14. RE: lost connectivity to storage device affected datastores unknown

Recommend

Andy_Banta

Posted Oct 12, 2010 08:26 PM

I ran the load balancing command and i am still getting the "lost connectivity" messages in my event logs.

Triggering a load balancing event should demonstrate to you that this is the cause of the log message. Logging in 4.1 is a little tidier and you shouldn't see this message any more.

Andy

19. RE: lost connectivity to storage device affected datastores unknown

Recommend

Broadcom Employee

Bharath Kumar G

Posted Apr 09, 2025 04:16 PM
Edited by Bharath Kumar G Apr 09, 2025 04:17 PM

That's strange. Could you SSH to the ESXi host that the alarm is referring to, navigate to /var/log, run ls and provide me a screenshot of what you see?

If you do not find the 3 log files, please do the following:

This would give you all the paths ESXi was able to pick up over the PSA from Storage array:
esxcfg-mpath -bd naa.624a93709cac436e0b074d33000f4019
See if any of the paths listed is showing anything but active. E.g., dead
As your LUNs have multiple paths configured for redundancy, you will not likely see any effect of this message, with your workloads.
https://knowledge.broadcom.com/external/article/318935/path-redundancy-to-storage-device-degrad.html

This would give tell you whether or not there is a VMFS partition on the LUN:
partedUtli getptbl /vmfs/devices/disks/naa.624a93709cac436e0b074d33000f4019

If you see a partition labelled vmfs, you can use the following command to find out which datastore the alert is about:
esxcli storage vmfs extent list | grep naa.624a93709cac436e0b074d33000f4019

The cause of this message is usually due to an issue at Layer 1.
Capture the timestamp and and hostname per the vCenter and engage your Fabric and Storage Vendors to see if they observe any anomalies at the time of the message.
Once you have the report, you can file a ticket with Broadcom VMware-Storage Support team, if you'd like or we may continue to investigate over this thread.

Original Message

Original Message:
Sent: Apr 09, 2025 03:19 PM
From: Jennifer Nguyen
Subject: lost connectivity to storage device affected datastores unknown

Hi Kumar,

There are no logs for the 3 that you mentioned when I looked in the /var/log directory.
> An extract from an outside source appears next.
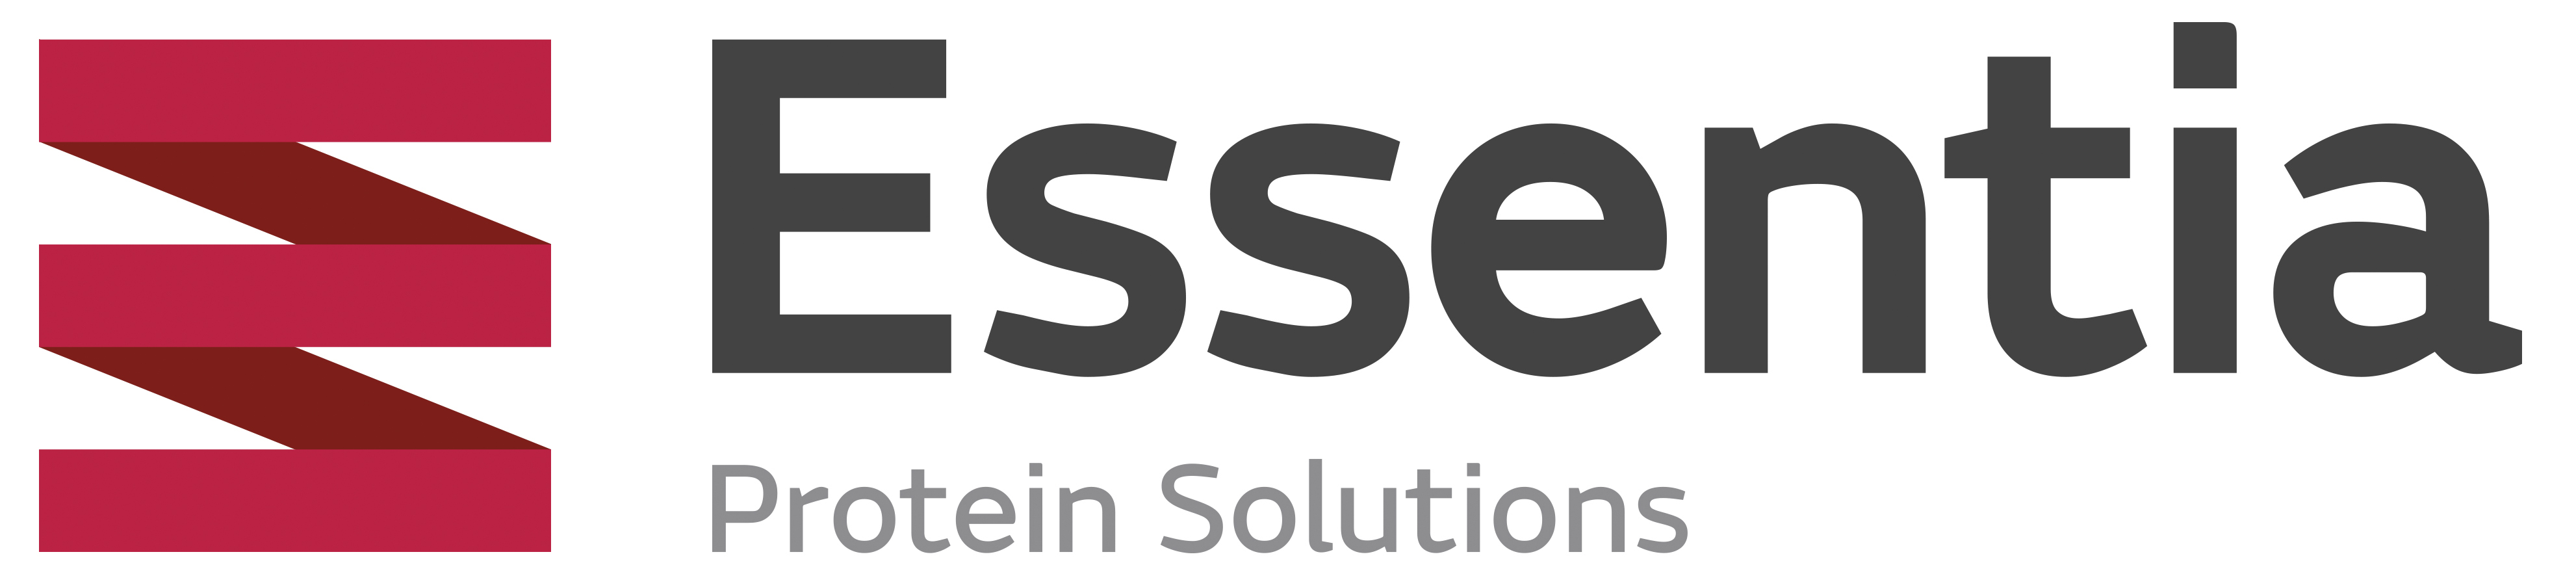 Essentia Protein Solutions.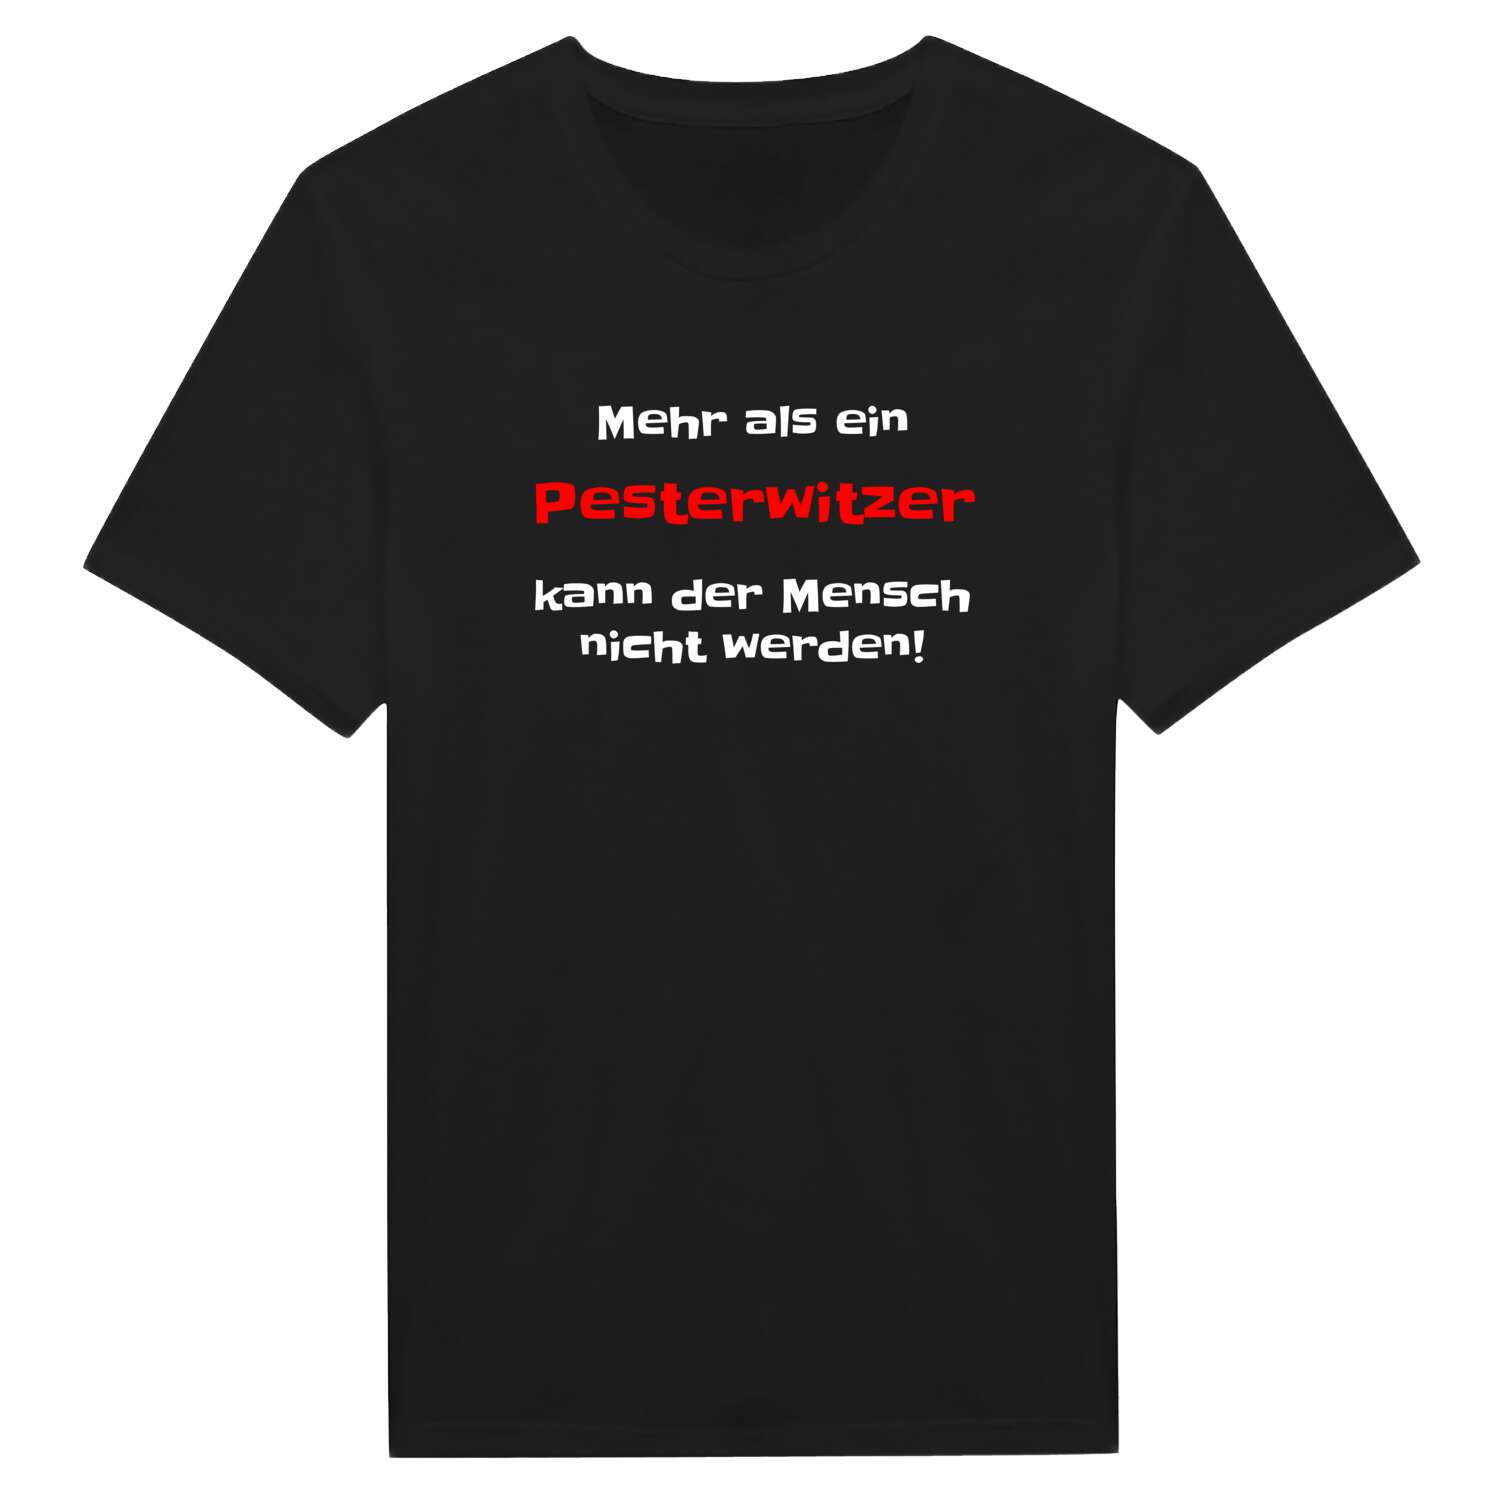 Pesterwitz T-Shirt »Mehr als ein«

We a primary and a failover, the issue is on the failover site:

2 datacenters

2 Pure Storage

2 Cisco B200M5s

ESXi hosts are all 8.0 3d

Storage adapters is a shared connection from the chassis, fi are 2 physical connections are shared between blades. Not standalone servers, it's shared. If it's a physical connect it would affect all blades.

The alerts that we are getting from vCenter is for paths that do not exist, that is why it shows datastore is 'unknown':

Alarm alarm.StorageConnectivityAlarm on Host host1_name
because Path redundancy to storage device naa.624a93709cac436e0b074d33000f4019 degraded. Path vmhba5:C0:T692:L237 is down. Affected datastores: Unknown..
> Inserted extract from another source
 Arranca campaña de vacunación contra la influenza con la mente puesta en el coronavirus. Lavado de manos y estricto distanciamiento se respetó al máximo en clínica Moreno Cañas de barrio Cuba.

Not sure why the T: (Target) is so high in the numbering...

Seems like there's a cached path somewhere that is triggering the alarms.

When we do get the alerts, there is nothing down, all Hosts, VMs, vNic, storage adapters, datastores, etc. are green and good. Why is it that we don't get the alerts for the primary site but just for the failover site? They have the same setup and configuration.

Things tried:

Rescanned datastores

Rescanned storage adapters

Disable then re-enabled different alarms: vSAN online health alarm 'Disks usage on storage controller (vCenter level), Cannot connect to storage (vCenter level), Datastore usage on disk (vCenter level)

SFP health check was done by Pure Support

Any idea on this is greatly appreciated.

Original Message:
Sent: Apr 07, 2025 06:53 PM
From: Bharath Kumar G
Subject: lost connectivity to storage device affected datastores unknown

Hi Jennifer,

We should be able to tell from taking a look at the logs.
Can you upload the hostd, vmkernel and vobd logs?

Original Message:
Sent: Apr 07, 2025 11:33 AM
From: Jennifer Nguyen
Subject: lost connectivity to storage device affected datastores unknown

Hi Dave,

Were you able to get this issue resolved? I have the same exact issue.

Original Message:
Sent: Aug 04, 2010 02:51 PM
From: DAMahoney
Subject: lost connectivity to storage device affected datastores unknown

Hello,

I am receiving the error "lost connectivity to storage device affected datastores unknown" once a day, different times everyday. Sometimes it identifies which datastore is affected, so far it is only happening to two datastores. I have been running vSphere for about 10 months without issues and haven't changed/patched anything recently. I have 2 hosts, 2 Equallogic PS5000 sans connected through iSSCSI. Screen shots of my cirtual switch's are attached it that helps.

Thank you for your assistance

20. RE: lost connectivity to storage device affected datastores unknown

Recommend

Jennifer Nguyen

Posted Apr 09, 2025 05:01 PM

| view attached

Thank you for the quick response. I ran esxcfg-mpath -bd naa.624a93709cac436e0b074d33000f4019 on host-04 and all paths shows as active. Also ran it against 11 other storage devices (1 local) and they all are showing as active.

This is happening on all 13 of our hosts, on different vmhbas, same storage device and different LUNS.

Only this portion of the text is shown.